*What the task asks*
Among the lines below, restate word for word only those from the line with "Uncategorized Kitchen Appliances" through the line with "Mennace Contrast Signature", with both end lines kept.

*Material for the task*
[Start of section]

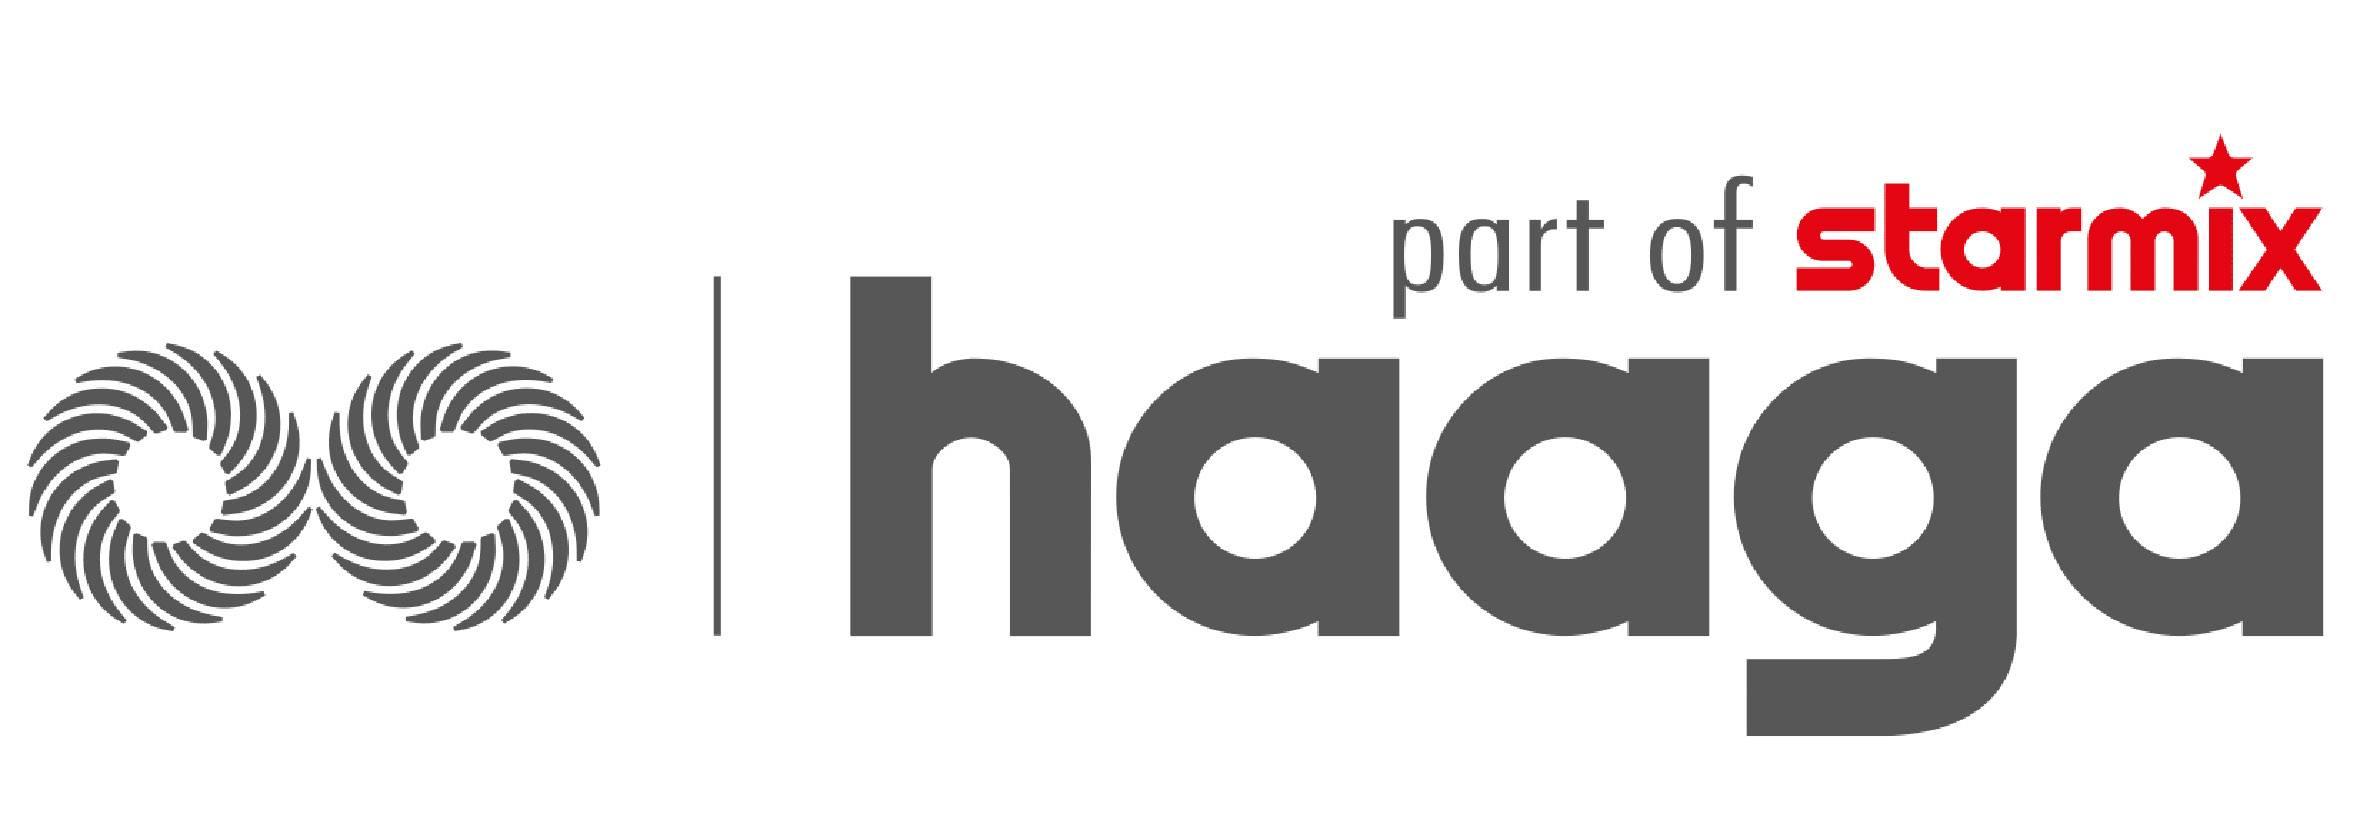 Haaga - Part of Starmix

[End of section]
[Start of section]

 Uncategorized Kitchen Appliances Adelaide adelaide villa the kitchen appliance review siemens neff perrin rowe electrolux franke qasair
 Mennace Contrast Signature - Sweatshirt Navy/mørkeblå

[End of section]
[Start of section]

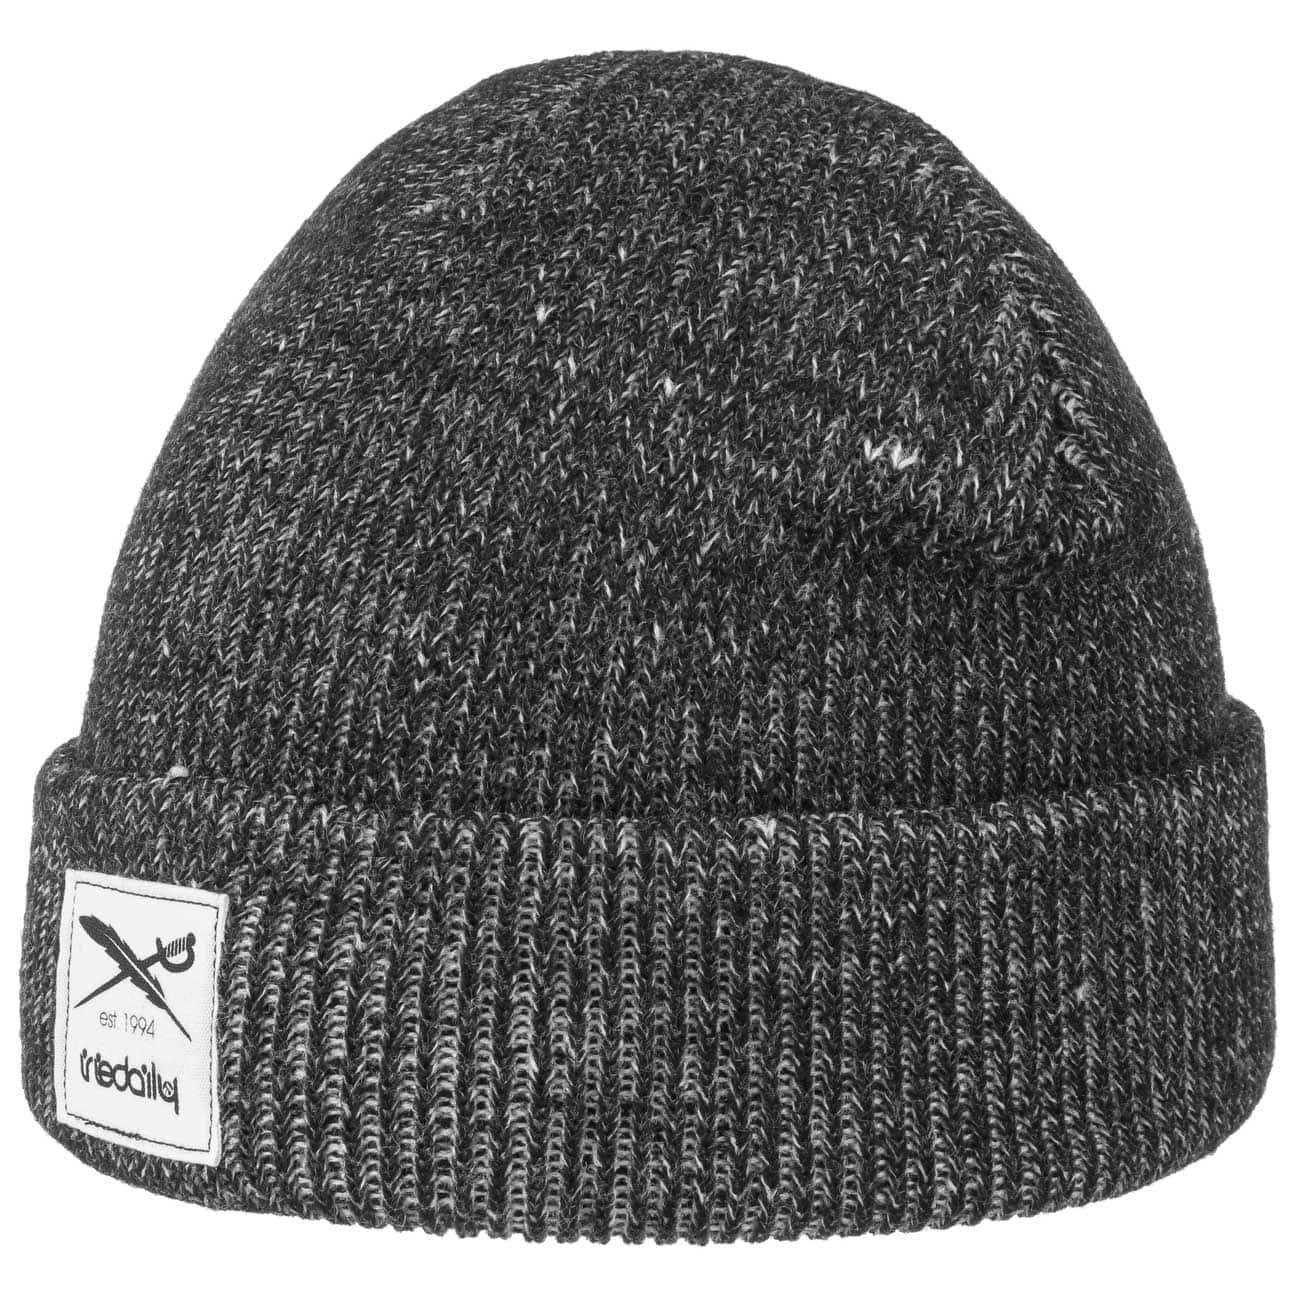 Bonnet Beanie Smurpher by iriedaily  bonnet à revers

[End of section]

*Written reply*
 Uncategorized Kitchen Appliances Adelaide adelaide villa the kitchen appliance review siemens neff perrin rowe electrolux franke qasair
 Mennace Contrast Signature - Sweatshirt Navy/mørkeblå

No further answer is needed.